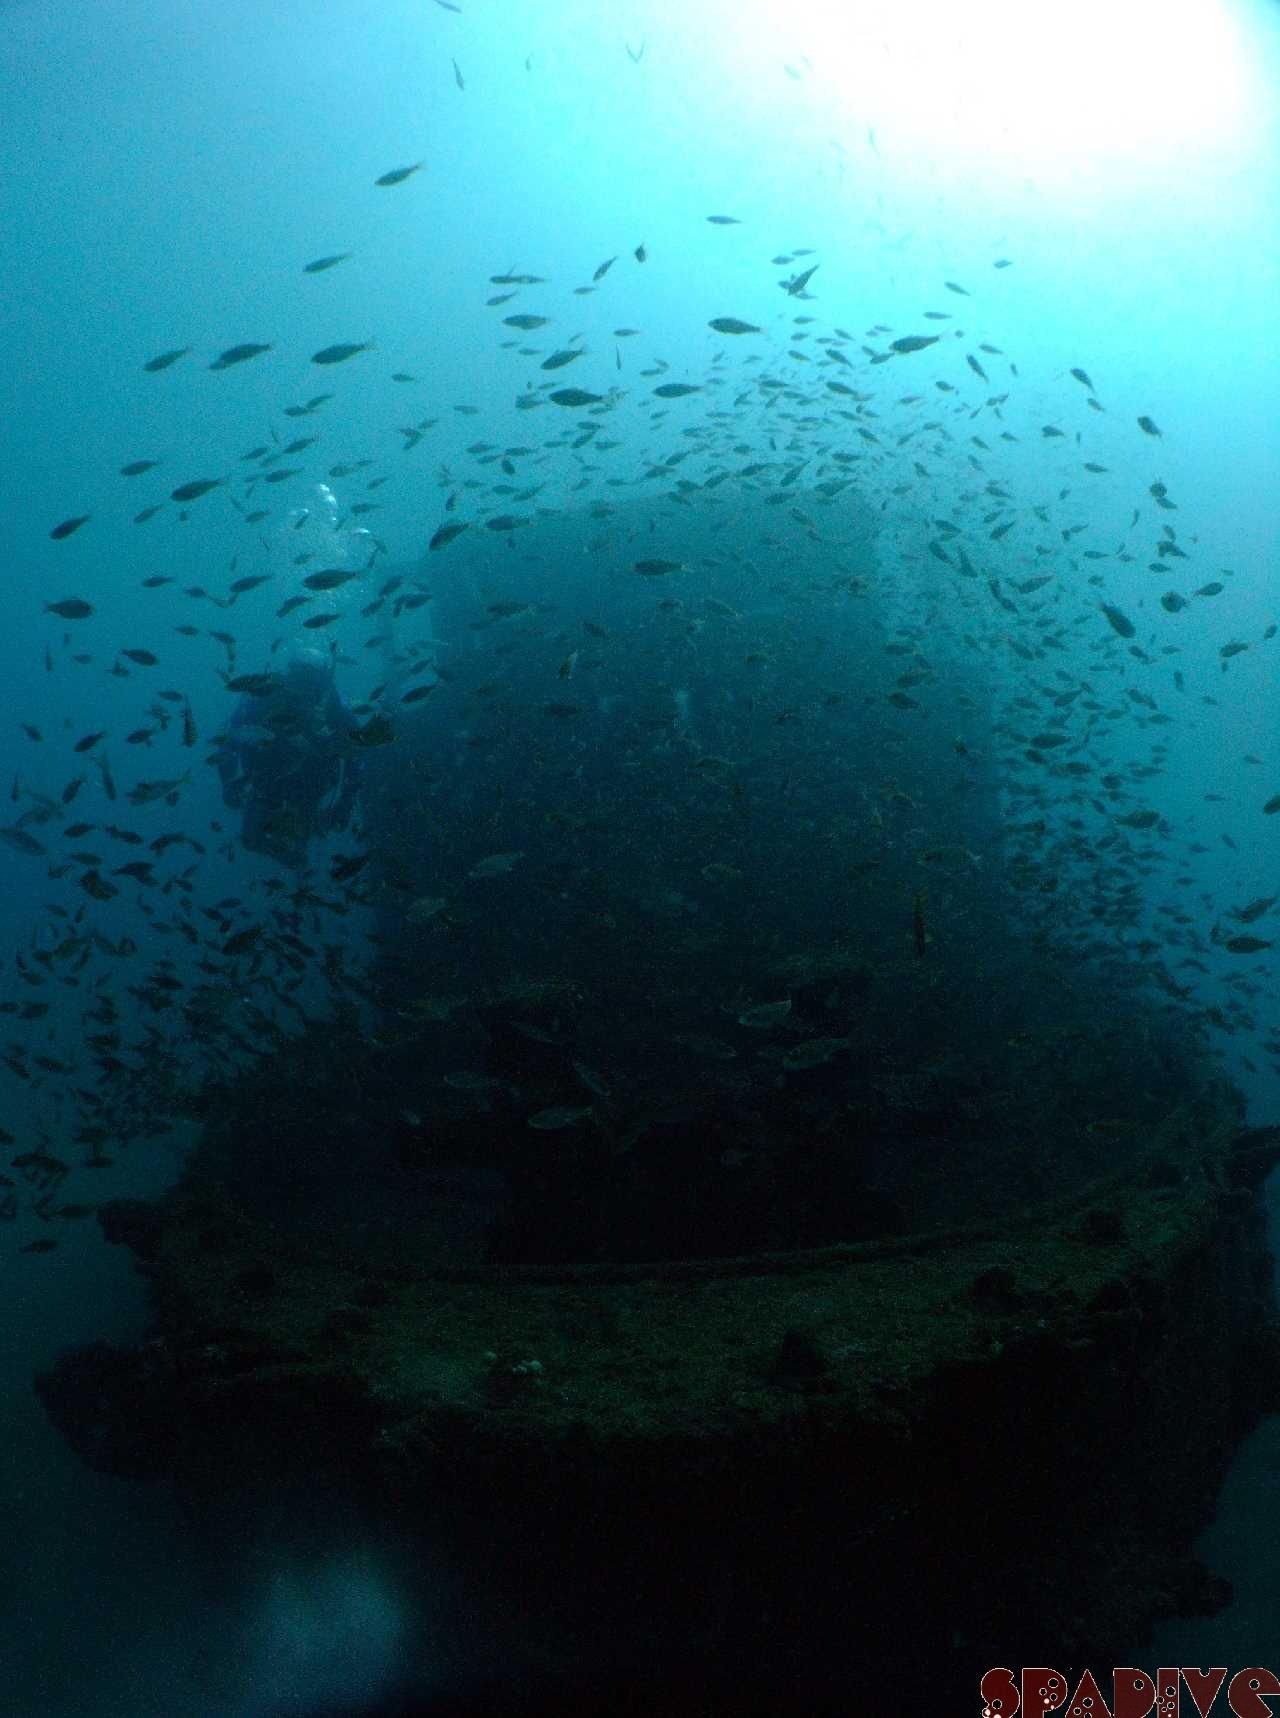 三段壁&北の根(沈船)ボートファンダイビング 12/12/2009南紀白浜
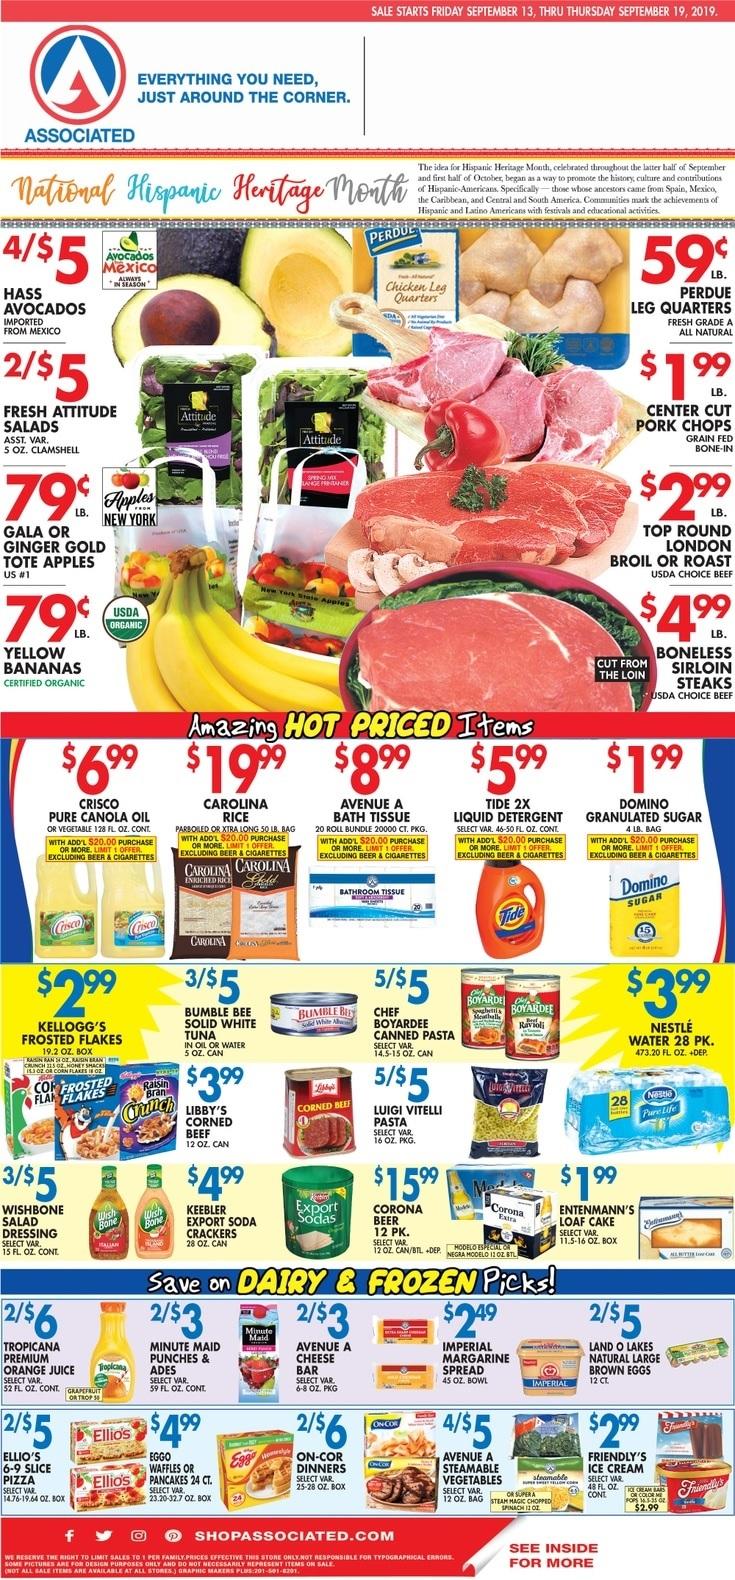 ⭐ Associated Supermarkets Circular 9/13/19
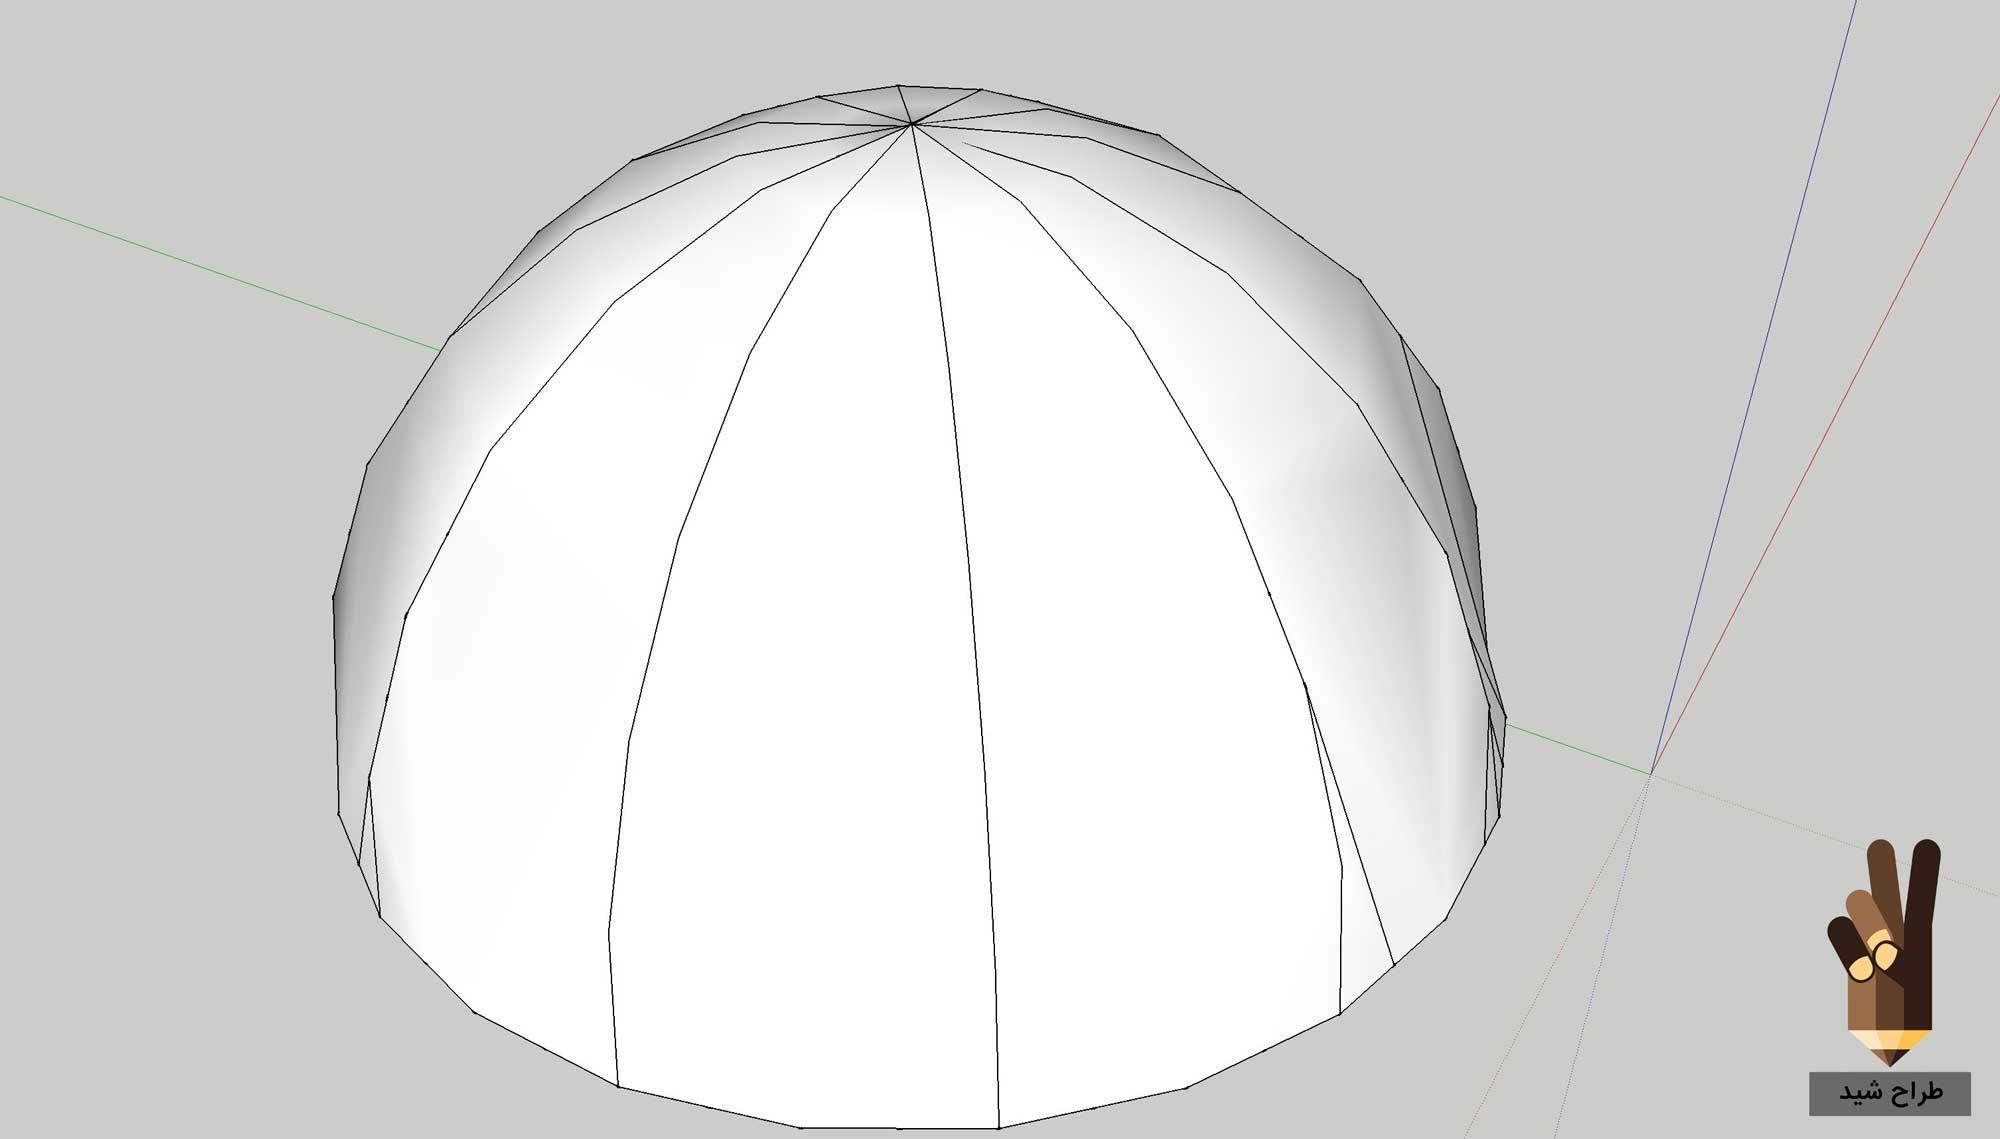 طراحی گنبد در اسکچاپ 8

ACTION ITEM:
Using the listing above, write out exactly the lines from the one that holds "Supermarkets Circular 9/13/19" through the last line, both included, and omit pictures.

EXPECTED ANSWER:
 ⭐ Associated Supermarkets Circular 9/13/19
 طراحی گنبد در اسکچاپ 8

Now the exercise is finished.